■ Source records

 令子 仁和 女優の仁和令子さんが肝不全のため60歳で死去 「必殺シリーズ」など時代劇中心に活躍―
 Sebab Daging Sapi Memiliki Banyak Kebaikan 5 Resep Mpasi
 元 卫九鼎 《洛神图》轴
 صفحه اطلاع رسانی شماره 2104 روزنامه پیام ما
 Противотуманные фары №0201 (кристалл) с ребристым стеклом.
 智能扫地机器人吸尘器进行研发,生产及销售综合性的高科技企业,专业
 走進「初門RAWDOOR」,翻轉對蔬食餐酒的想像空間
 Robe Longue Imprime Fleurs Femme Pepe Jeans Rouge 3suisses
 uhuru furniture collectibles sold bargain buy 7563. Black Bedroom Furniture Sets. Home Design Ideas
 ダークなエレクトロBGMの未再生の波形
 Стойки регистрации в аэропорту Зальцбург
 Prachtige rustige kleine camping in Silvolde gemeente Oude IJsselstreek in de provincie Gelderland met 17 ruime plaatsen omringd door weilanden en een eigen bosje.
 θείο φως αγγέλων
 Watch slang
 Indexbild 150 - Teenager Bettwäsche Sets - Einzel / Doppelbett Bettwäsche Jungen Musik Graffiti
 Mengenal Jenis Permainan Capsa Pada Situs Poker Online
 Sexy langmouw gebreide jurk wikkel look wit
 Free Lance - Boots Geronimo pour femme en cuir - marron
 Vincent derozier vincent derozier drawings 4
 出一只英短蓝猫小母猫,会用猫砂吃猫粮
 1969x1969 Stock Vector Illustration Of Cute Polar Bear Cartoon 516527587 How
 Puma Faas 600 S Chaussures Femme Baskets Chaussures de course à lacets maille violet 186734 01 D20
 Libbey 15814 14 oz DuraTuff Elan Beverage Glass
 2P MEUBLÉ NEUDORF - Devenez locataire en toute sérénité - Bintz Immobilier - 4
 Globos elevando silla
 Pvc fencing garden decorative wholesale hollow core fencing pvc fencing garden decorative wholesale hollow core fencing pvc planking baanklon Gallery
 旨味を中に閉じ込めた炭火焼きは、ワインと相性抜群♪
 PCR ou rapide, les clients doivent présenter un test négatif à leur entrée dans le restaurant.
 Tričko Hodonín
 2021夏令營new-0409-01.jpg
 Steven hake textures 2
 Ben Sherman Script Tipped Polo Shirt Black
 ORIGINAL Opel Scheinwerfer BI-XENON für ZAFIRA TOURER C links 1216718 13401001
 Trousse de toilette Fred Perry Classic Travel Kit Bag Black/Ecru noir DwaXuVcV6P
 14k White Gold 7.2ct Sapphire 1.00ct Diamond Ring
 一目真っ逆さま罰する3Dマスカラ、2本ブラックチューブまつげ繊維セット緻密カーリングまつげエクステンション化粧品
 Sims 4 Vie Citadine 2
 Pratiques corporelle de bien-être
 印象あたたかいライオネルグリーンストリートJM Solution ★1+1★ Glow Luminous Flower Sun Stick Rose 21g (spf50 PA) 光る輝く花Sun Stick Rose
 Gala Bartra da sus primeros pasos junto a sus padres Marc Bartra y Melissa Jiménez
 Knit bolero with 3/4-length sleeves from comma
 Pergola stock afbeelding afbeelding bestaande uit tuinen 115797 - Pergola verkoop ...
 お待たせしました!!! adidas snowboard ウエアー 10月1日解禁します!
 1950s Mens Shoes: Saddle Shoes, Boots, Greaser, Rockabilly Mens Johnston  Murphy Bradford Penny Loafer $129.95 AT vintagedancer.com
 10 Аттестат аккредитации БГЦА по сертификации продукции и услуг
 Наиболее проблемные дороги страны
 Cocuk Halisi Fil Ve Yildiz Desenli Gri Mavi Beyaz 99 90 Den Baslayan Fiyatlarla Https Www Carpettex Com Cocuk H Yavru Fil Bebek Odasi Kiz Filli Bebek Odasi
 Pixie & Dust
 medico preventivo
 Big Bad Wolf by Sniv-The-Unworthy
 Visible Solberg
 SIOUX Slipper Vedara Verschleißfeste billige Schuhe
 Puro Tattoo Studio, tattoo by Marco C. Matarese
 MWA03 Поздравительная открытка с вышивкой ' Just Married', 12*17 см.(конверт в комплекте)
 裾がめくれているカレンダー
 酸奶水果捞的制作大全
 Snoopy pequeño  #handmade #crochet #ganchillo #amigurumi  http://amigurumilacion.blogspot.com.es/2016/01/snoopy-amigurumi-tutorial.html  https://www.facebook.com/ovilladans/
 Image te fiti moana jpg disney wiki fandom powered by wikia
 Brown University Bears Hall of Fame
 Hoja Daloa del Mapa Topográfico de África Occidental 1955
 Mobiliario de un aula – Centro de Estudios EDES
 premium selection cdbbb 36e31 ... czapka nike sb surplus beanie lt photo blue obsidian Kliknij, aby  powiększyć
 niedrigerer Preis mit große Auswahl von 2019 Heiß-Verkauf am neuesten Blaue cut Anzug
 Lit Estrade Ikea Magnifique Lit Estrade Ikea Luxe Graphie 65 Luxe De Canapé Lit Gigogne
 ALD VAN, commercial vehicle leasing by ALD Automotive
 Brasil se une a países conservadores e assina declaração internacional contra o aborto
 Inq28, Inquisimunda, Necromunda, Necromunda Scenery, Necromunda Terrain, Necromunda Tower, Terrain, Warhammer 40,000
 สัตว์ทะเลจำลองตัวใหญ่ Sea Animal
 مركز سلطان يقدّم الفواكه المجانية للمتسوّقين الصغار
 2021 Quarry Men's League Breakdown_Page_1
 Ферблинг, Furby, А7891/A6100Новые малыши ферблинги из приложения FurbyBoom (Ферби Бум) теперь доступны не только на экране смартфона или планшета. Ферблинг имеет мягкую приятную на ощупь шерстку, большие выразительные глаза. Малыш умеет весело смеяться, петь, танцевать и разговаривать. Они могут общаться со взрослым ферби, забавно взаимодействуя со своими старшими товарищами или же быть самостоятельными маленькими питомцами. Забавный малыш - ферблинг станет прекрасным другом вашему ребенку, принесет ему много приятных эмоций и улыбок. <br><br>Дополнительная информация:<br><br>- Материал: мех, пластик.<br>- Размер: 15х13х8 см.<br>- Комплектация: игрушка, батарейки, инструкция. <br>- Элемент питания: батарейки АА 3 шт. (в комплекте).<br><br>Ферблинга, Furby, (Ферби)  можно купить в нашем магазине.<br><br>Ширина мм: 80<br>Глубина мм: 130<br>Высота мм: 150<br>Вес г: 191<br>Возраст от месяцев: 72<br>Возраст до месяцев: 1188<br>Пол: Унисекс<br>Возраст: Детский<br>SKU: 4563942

■ Task item
Tell how many lines in the data include the string "Sets". Reply with the number and no other text.

■ Response box
2